Krasnoyarsk

At around 2.30pm local time we came to Krasnoyarsk, a big city set in rolling hills. All the usual stuff to be seen: marshalling yards, endless lines of goods trains, derelict sheds and worn Soviet-era industrial facilities. But this city, like all the others we have passed, does not bear the signs of urban decay or economic stagnation. Whilst there are many old and tired buildings, there is much that is new; much construction is clearly taking place. The station was the most big-city style station we had seen so far, with platform indicators, stairs and overbridge, endless announcements. Whilst there was no Victorian style train shed, the station reminded me of York, in that it was bustling with activity - men unloading brake vans, wheel tappers passing along the trains, policemen, passengers and tourists. Also, like York it is on the edge of railway yards and engine sheds, with lines of coaches and wagons and spare locomotives.

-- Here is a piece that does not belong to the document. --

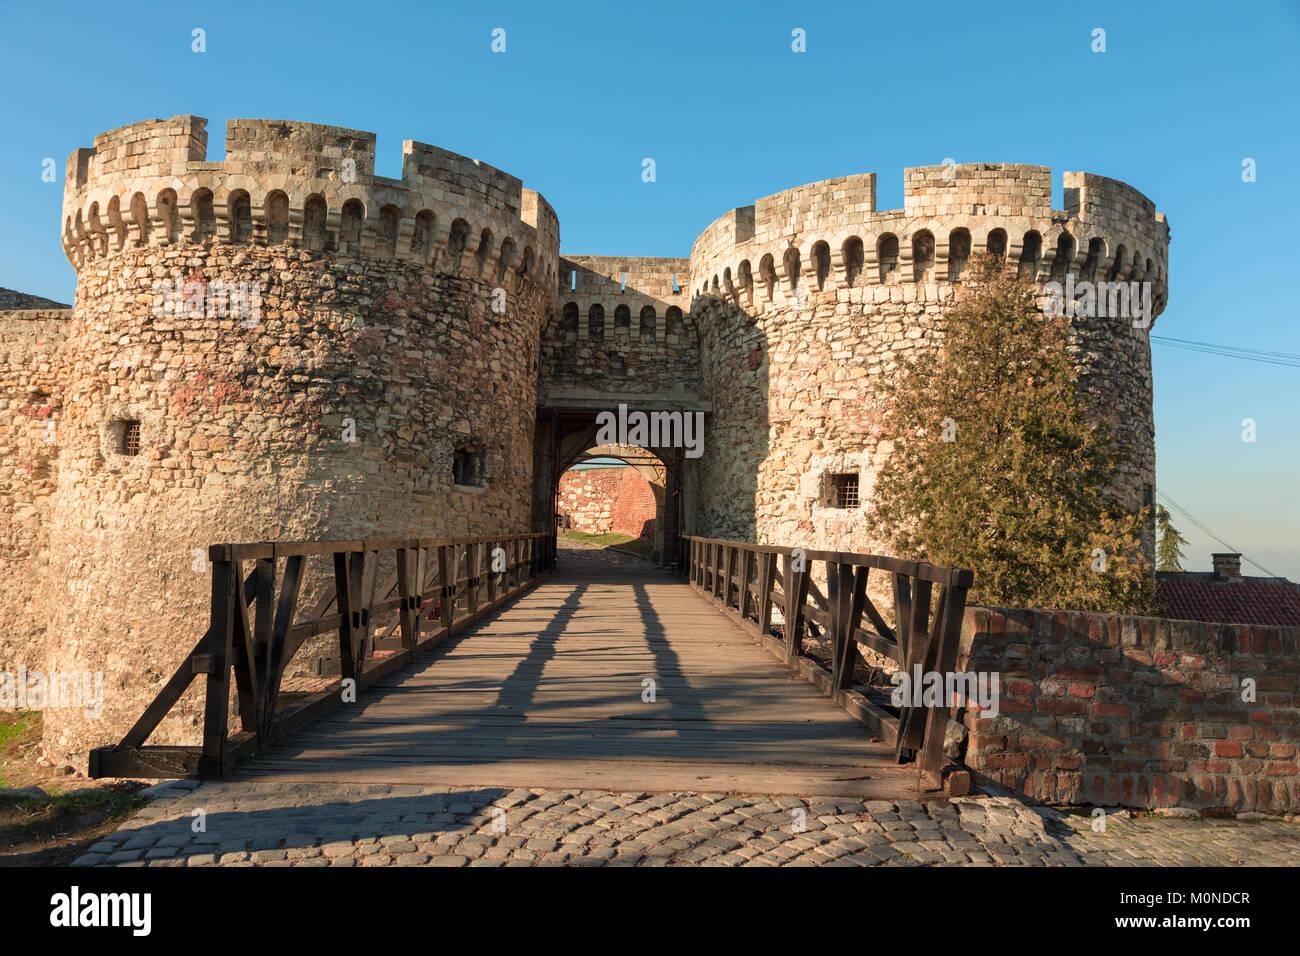 Walls and leafless trees of famous Kalemegdan castle in Belgrade - Stock Image

As we took the fresh air outside the train, a suburban electric train comparable to those used in the UK pulled in. The low platform, the broad track gauge and the wide and large loading gauge conspired to make the train seem enormous compared to British trains. From the platform, the floor of the carriage was nearly head height. 

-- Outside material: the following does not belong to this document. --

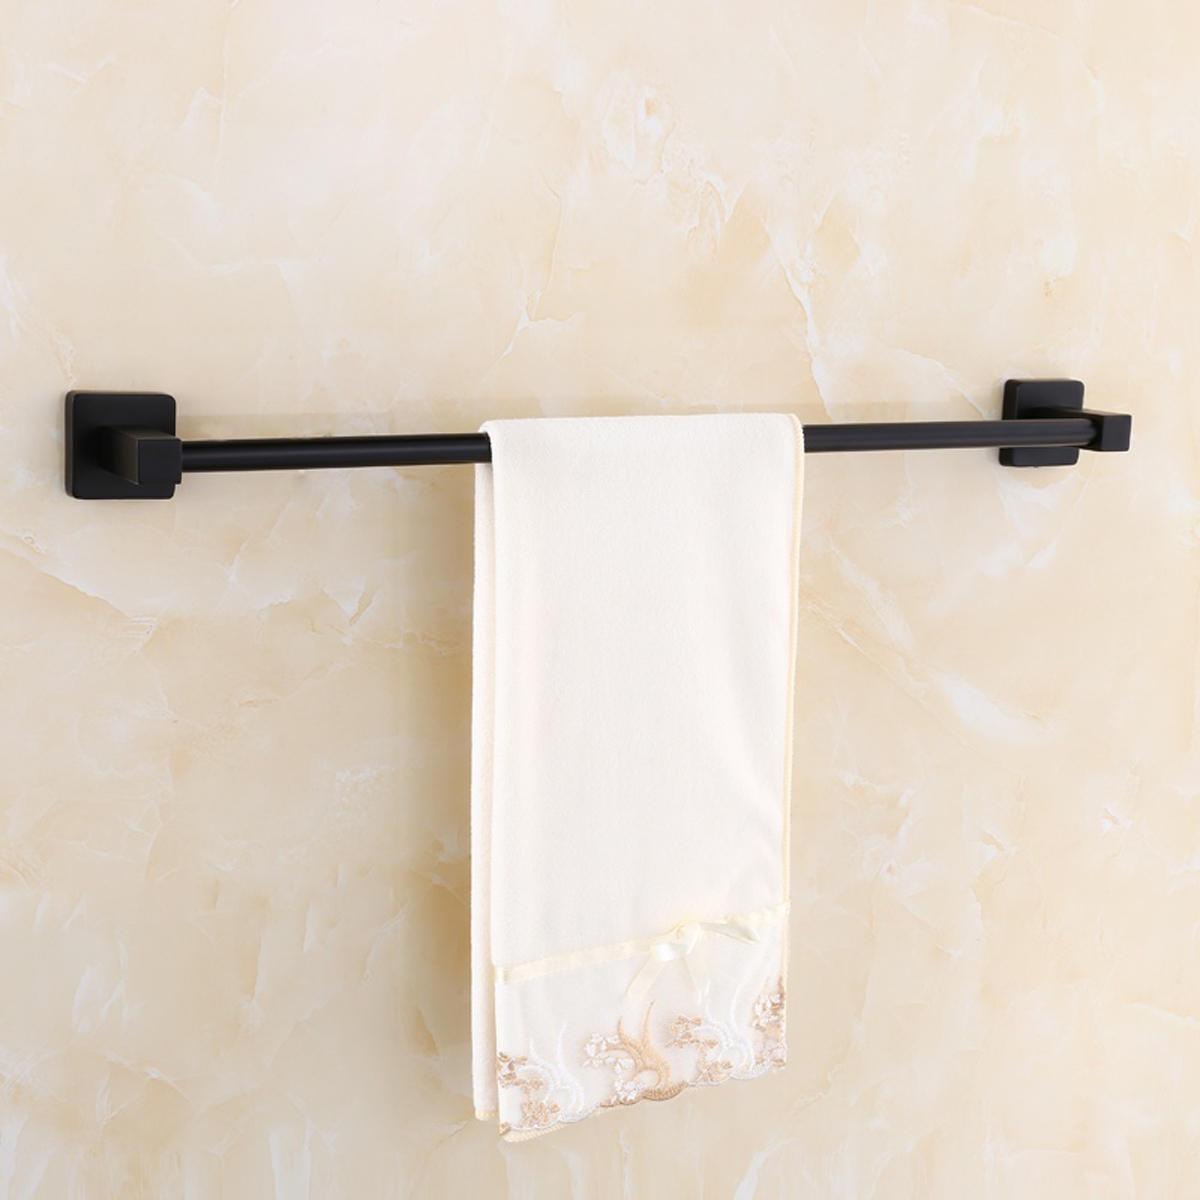 Matt Black Square Toalla Holder Rack Cuarto de baño Shower Toilet Wall Mount Clothes Bar Rail Percha

Beyond the station, some hills could be seen, and beyond that, there was the Yenisei river. One might compare it to the Seine at Bordeaux - but this is no estuary. This is a freshwater river a thousand miles or more from its mouth on the Arctic Ocean. And they are throwing another bridge across it.

After the river, more hills - more serious tree-covered hills, with picturesque brightly painted chalets ("dacha") and booths piled up the side of the hill. For an hour or so these hills continued, before the train emerged back onto a rolling plain. This is rich and fertile country - trees, grass, wild flowers.

5.15pm local - the train is crossing what can only be described, cliche though it is, as "rolling farmland". Huge fields of wheat or other grain are draped across the landscape on both sides. There are still masses of trees, but they are in clumps, thicker towards the horizon. There are hayricks everywhere. I suspect that the railway itself is the centre of a corridor of cultivated land with mostly wilderness on either side. The weather has improved to a golden afternoon of hazy sunshine, though exactly what the local time is, I don't know.